Была и еще одна мысль – страшная. Неужели ее догадка верна? Все эти листы собирали чужие руки, даже в запое автор не мог подсунуть для прочтения рукопись в таком виде. Тогда что же это – дар посмертный?
Нет, нет… она не хотела так думать. Сама логика настаивала на абсурдности подобного вывода. Если бы Павел умер, то бледный пришелец – не идиот же он! – начал разговор со скорбного сообщения, а не предавался воспоминаниям и не отвешивал ей комплименты.

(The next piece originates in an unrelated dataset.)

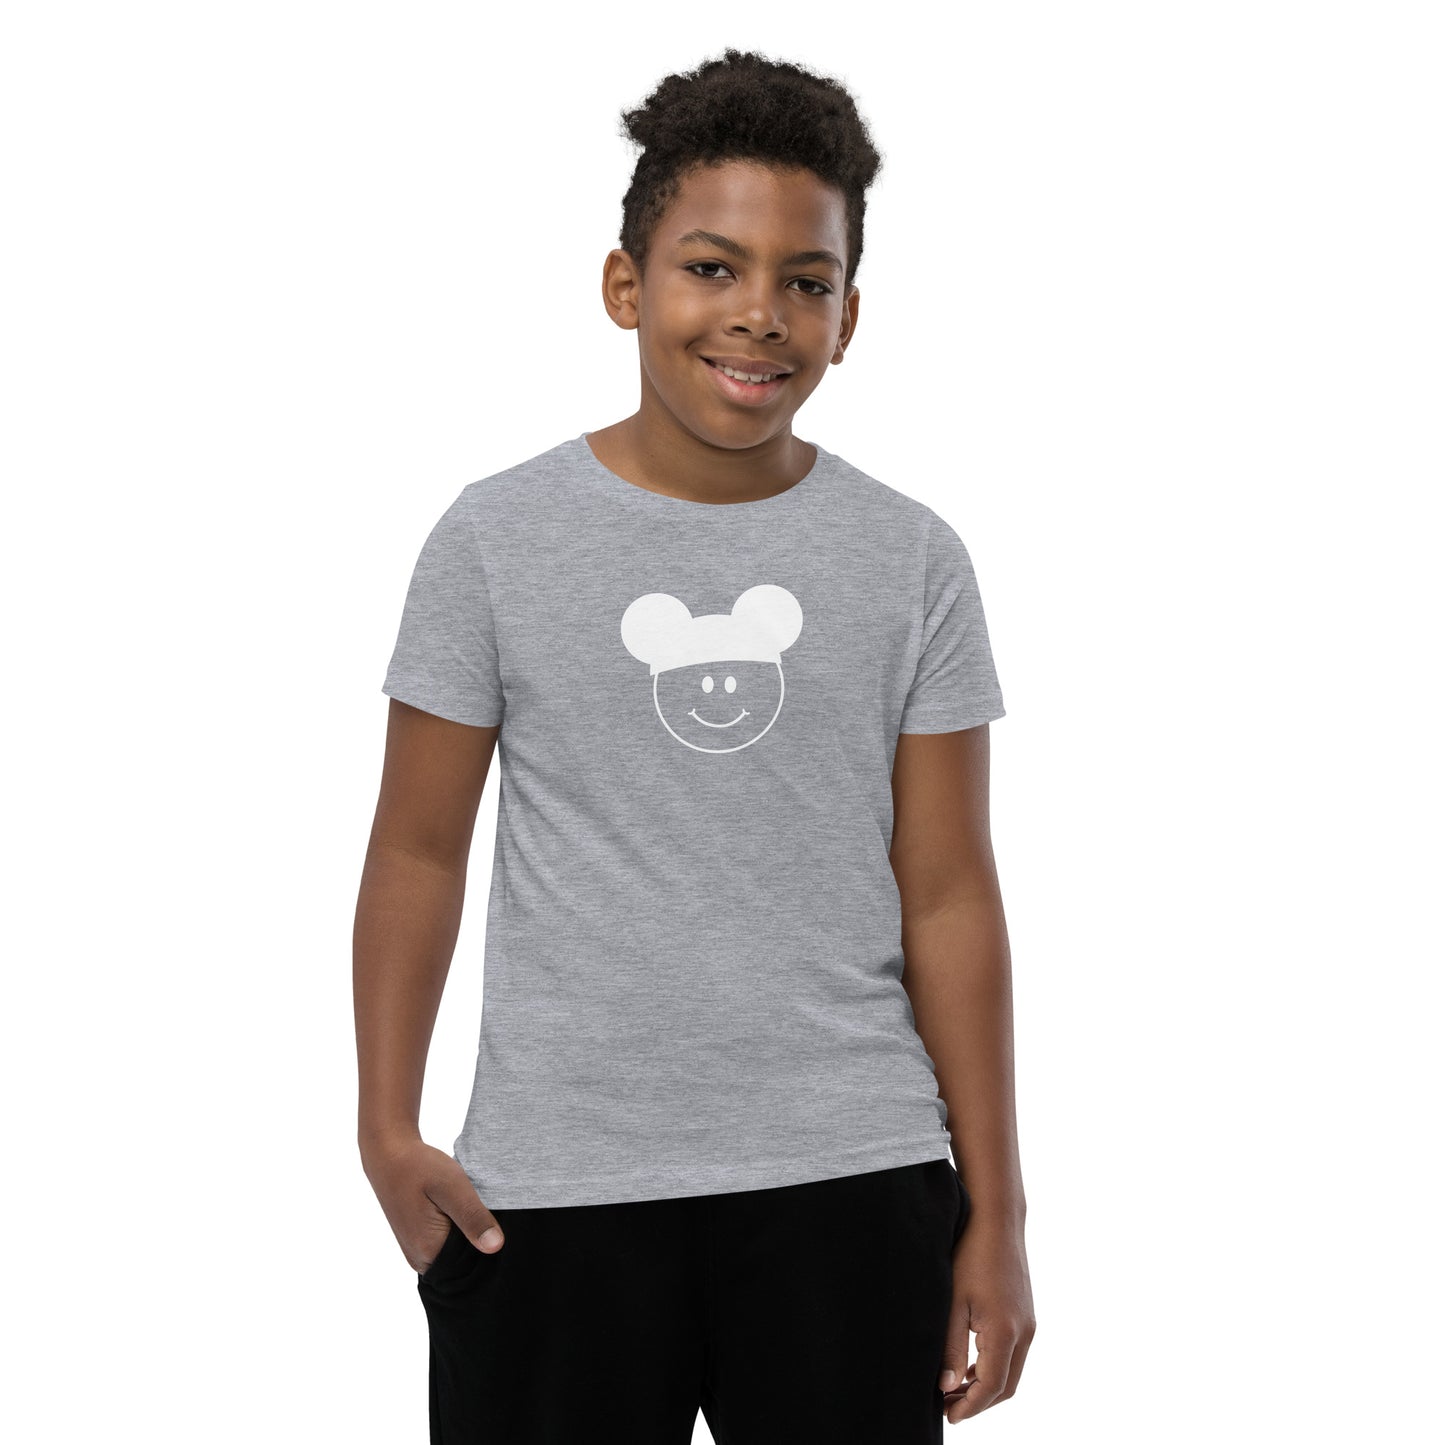 Groovy Smiles Front and Back Youth Short Sleeve T-Shirt

Разъяснить ситуацию могла только ненавистная Штырь. Юлия Сергеевна совершенно не помнила, остался ли у нее номер телефона этой коварной и глупой гусыни. Перерыла все записные книжки – нашла. Если честно, ее саму мало волновала судьба Павла Паулинова. Он ей – никто, судьба разорвала их связь, но Киму он – отец, а эта связь, к сожалению, не рвется. Если Павла нет больше, то она обязана сообщить об этом сыну. А то как-то уж совсем не по-человечески.
Самой звонить Галке Ивановне не хотелось, не представлялось возможным, она поручила сделать это подруге. Та бестрепетной рукой набрала номер и попросила на голубом глазу:
– Можно Павла Ивановича?
– Если подойдет – брось трубку, – шипела за плечом Юлия Сергеевна.
На том конце провода не удивились, не спросили, кто звонит. Ответ был прост и лаконичен:
– Он со мной больше не живет.
– А где он живет?
– Не знаю.
– Жив курилка, жив! – сказала подруга, повесив трубку. – Юль, он от Галки Ивановны тоже сбежал. И нечего на меня таращиться с таким видом! И не надо делать страшные глаза. Если бы Павел помер, уж она-то – Штырь, об этом знала. И все! Не морочь себе голову.
Подруга говорила так уверенно, а Юлии Сергеевне так хотелось ей верить. И она поверила.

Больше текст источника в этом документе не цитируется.